◆ DATA UNDER STUDY:
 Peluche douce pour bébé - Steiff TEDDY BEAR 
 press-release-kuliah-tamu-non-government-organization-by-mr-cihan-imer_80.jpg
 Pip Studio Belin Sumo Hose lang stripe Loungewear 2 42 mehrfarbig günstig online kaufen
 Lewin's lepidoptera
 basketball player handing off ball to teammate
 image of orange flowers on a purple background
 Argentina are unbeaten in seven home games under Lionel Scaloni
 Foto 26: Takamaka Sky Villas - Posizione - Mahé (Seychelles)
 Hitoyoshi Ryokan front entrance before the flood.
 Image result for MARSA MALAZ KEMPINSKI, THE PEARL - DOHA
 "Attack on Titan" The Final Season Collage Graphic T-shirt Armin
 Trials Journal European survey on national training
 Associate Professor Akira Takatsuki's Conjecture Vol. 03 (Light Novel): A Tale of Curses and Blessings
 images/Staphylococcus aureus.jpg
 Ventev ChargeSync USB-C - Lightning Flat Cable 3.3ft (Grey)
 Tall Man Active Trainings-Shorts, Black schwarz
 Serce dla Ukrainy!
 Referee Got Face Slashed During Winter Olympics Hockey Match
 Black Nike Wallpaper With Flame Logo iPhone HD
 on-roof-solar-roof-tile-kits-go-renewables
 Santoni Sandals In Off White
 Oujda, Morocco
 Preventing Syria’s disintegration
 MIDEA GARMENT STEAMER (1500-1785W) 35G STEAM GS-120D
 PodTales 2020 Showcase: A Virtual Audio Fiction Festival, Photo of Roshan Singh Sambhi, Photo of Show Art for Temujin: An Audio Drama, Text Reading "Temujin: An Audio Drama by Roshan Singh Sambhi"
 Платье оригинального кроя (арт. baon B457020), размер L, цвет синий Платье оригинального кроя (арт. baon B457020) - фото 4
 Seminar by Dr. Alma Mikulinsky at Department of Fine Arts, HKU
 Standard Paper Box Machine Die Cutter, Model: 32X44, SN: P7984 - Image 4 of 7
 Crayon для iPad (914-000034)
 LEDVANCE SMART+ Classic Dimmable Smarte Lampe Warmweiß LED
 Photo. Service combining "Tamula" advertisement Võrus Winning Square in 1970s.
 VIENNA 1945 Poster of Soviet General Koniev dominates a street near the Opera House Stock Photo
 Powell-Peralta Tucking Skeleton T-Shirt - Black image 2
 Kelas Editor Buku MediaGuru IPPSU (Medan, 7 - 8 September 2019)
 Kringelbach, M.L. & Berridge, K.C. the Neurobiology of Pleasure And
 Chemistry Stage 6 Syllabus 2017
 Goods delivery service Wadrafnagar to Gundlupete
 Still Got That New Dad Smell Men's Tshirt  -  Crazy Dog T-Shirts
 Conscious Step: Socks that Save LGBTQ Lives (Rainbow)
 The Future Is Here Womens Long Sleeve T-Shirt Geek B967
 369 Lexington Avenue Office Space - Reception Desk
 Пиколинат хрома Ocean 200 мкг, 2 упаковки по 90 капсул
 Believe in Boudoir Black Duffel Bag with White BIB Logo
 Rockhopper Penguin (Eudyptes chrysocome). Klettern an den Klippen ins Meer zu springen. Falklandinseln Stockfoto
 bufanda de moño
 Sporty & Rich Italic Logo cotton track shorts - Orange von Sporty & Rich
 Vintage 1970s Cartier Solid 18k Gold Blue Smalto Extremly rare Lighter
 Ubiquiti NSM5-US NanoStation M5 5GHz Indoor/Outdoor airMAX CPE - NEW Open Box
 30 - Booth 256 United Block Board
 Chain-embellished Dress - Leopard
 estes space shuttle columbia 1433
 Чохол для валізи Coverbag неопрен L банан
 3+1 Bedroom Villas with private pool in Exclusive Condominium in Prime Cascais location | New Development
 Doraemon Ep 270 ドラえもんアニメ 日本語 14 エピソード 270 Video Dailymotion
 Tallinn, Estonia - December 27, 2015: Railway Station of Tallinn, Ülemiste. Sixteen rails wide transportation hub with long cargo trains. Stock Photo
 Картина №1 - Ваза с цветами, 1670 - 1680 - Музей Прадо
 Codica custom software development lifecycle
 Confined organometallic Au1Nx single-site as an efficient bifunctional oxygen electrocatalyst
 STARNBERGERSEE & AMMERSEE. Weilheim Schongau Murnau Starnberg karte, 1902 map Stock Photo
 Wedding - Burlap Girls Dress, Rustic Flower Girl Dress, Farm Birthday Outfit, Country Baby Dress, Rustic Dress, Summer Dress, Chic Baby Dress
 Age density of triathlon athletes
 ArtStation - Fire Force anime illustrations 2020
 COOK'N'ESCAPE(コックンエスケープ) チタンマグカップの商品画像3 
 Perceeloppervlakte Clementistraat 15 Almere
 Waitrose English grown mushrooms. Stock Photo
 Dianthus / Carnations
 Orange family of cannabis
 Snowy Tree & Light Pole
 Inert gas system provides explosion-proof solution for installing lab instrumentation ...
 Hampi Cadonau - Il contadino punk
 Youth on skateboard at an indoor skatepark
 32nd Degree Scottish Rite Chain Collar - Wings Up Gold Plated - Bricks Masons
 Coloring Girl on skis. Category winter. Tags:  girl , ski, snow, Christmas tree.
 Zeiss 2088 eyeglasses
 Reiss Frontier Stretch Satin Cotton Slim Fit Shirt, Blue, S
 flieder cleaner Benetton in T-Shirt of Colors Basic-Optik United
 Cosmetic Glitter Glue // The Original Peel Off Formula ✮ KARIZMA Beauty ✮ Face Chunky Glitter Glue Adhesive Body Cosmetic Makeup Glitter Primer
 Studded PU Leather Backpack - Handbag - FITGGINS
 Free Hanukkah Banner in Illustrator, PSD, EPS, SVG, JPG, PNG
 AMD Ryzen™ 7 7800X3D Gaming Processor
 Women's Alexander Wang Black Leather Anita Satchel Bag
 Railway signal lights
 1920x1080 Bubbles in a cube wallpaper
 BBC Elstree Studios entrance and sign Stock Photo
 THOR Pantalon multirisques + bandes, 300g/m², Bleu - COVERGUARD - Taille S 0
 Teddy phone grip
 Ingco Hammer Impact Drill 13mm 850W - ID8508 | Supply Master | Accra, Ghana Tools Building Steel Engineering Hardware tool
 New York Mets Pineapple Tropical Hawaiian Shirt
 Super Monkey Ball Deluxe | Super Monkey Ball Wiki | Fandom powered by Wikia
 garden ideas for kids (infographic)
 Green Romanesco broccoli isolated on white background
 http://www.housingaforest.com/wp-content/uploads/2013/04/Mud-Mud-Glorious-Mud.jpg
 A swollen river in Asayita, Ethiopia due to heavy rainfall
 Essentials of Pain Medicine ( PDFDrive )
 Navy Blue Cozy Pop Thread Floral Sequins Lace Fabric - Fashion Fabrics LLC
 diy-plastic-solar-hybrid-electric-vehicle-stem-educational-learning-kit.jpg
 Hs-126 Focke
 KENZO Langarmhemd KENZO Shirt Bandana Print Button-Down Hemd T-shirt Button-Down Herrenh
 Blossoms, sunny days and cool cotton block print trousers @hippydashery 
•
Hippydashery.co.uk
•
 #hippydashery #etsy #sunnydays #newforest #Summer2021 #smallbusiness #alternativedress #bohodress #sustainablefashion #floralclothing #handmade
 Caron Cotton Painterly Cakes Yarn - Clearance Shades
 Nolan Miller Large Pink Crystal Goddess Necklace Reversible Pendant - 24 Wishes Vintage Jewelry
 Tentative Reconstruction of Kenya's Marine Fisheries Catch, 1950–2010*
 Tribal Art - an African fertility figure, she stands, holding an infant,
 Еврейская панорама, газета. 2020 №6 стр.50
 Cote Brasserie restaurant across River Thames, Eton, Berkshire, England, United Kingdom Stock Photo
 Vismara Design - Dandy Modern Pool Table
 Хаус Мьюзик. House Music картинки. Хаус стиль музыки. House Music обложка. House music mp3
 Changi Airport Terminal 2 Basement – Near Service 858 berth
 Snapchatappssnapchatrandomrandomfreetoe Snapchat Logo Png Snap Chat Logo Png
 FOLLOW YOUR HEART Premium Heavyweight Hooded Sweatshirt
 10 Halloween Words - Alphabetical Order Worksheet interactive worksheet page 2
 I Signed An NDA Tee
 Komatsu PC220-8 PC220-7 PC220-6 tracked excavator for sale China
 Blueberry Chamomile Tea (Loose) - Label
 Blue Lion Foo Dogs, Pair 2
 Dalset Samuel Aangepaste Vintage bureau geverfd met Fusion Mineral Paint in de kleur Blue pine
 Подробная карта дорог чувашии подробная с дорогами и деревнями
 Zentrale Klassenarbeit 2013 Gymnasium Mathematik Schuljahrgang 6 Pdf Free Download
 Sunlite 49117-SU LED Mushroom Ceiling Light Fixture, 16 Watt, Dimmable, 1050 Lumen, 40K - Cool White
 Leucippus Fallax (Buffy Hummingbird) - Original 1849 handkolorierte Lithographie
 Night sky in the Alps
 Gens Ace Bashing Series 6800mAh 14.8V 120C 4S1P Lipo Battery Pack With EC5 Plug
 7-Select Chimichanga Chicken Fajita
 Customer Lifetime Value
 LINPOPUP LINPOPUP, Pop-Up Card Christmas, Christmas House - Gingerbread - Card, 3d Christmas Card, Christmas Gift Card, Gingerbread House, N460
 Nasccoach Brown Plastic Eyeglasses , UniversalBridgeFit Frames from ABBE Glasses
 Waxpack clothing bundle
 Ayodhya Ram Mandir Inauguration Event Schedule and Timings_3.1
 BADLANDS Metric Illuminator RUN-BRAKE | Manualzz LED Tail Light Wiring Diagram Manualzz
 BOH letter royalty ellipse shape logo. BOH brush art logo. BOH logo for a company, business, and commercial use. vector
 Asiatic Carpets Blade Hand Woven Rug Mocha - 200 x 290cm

◆ TRY IT: Everything from the line with "THOR Pantalon multirisques" through the line with "Green Romanesco broccoli" in the listing above must be retyped exactly, with nothing added.

◆ THE ANSWER:
 THOR Pantalon multirisques + bandes, 300g/m², Bleu - COVERGUARD - Taille S 0
 Teddy phone grip
 Ingco Hammer Impact Drill 13mm 850W - ID8508 | Supply Master | Accra, Ghana Tools Building Steel Engineering Hardware tool
 New York Mets Pineapple Tropical Hawaiian Shirt
 Super Monkey Ball Deluxe | Super Monkey Ball Wiki | Fandom powered by Wikia
 garden ideas for kids (infographic)
 Green Romanesco broccoli isolated on white background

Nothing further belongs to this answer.